Tanto os Bálcãs quanto a Rússia foram exotizados pelo Ocidente, como analisou o historiador Larry Wolf em seu livro Criando a Europa Oriental. No entanto, as linhas entre Oriente e Ocidente eram muitas vezes mais indistintas do que se pode imaginar. Dificilmente se pode considerar Ivan Aivazovsky , armênio de origem e nascido na península da Crimeia, como pintor orientalista ao retratar as ruas de Constantinopla, ou pelo menos não da forma como Edward Said a descreveu.

Vendo um menino escravo por Vasily Vereschagin , 1872, via Galeria Estatal Tretyakov, Moscou
No entanto, o orientalismo russo certamente existiu. Os pintores gostam Vasily Vereschagin dedicou muito tempo e esforço para retratar a Ásia Central, muitas vezes enfatizando os mesmos atributos exóticos, como fantasias ou maravilhas arquitetônicas. No entanto, os artistas russos muitas vezes exibiam uma atitude semelhante em relação ao Ocidente: eles admiravam e desprezavam a cultura da Europa Ocidental por sua suposta decadência e falta de alma.
Orientalismo e estereótipos na arte

O banho turco por Jean Auguste Dominique Ingres , 1862; com Mulheres de Argel em seu apartamento por Eugene Delacroix , 1834, via Museu do Louvre, Paris
Como Edward Said repetidamente apontou em seu trabalho, o orientalismo ocidental nunca refletiu totalmente a realidade. No entanto, os tropos mais populares na arte duraram o suficiente para distorcer até nossas perspectivas contemporâneas hoje. Por exemplo, as múltiplas cenas de harém retratadas por pintores ocidentais eram quase sempre fantasias sobre submissas belezas orientais que pouco tinham a ver com a realidade. A maioria dos homens não teria permissão para entrar nos aposentos das damas. As belezas orientais estereotipadas apareceram no livro de Delacroix Mulheres de Argel assim como em muitas outras obras de pintores europeus que expuseram suas fantasias sobre os estilos de vida orientais.
Além disso, o Banhos turcos por Jean Auguste Dominique Ingres não tinha nada a ver com o que acontecia na vida real. Enquanto o artista retrata voluptuosas damas nuas dançando e tocando instrumentos musicais nos banhos, a realidade de uma casa de banhos estava longe desse tipo de fantasia sensual. Da mesma forma, a iconografia de odaliscas nuas foi invenção de pintores europeus que retratavam suas versões idealizadas de amantes em mantos rendados.

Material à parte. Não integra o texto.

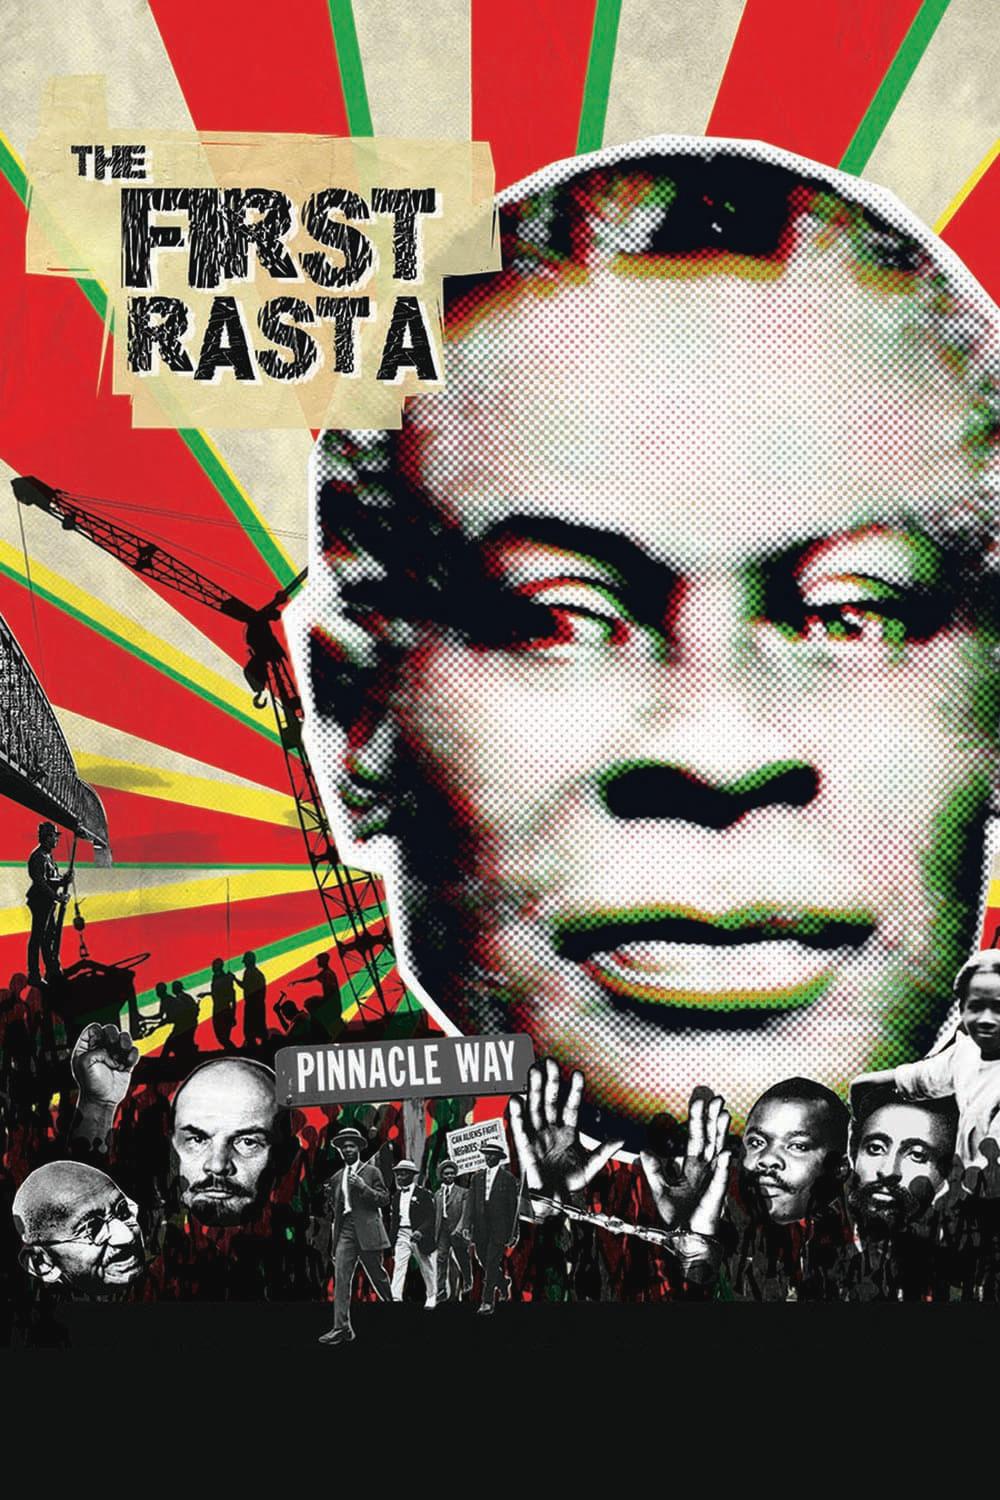 The First Rasta poster

Um jovem tigre brincando com sua mãe por Eugene Delacroix , 1830-1831, via Museu do Louvre, Paris
Said escreveu que o Orientalismo desnudou a humanidade de outra cultura, povo ou região geográfica. Muitas vezes, o Orientalismo tinha os alvos mais diversos e improváveis, mas sempre focado no outro. A arte, no entanto, fornece aos espectadores modernos uma visão interessante do que definimos como o ponto de vista ocidental. A arte orientalista surgiu por causa da falta de conhecimento e abundância de curiosidade. Embora muitas vezes distorcendo a verdade e distorcendo a realidade, também forneceu às gerações futuras a prova de como um ponto de vista singular pode distorcer uma narrativa histórica e como cada obra de arte deve sempre ser analisada dentro de seu contexto histórico.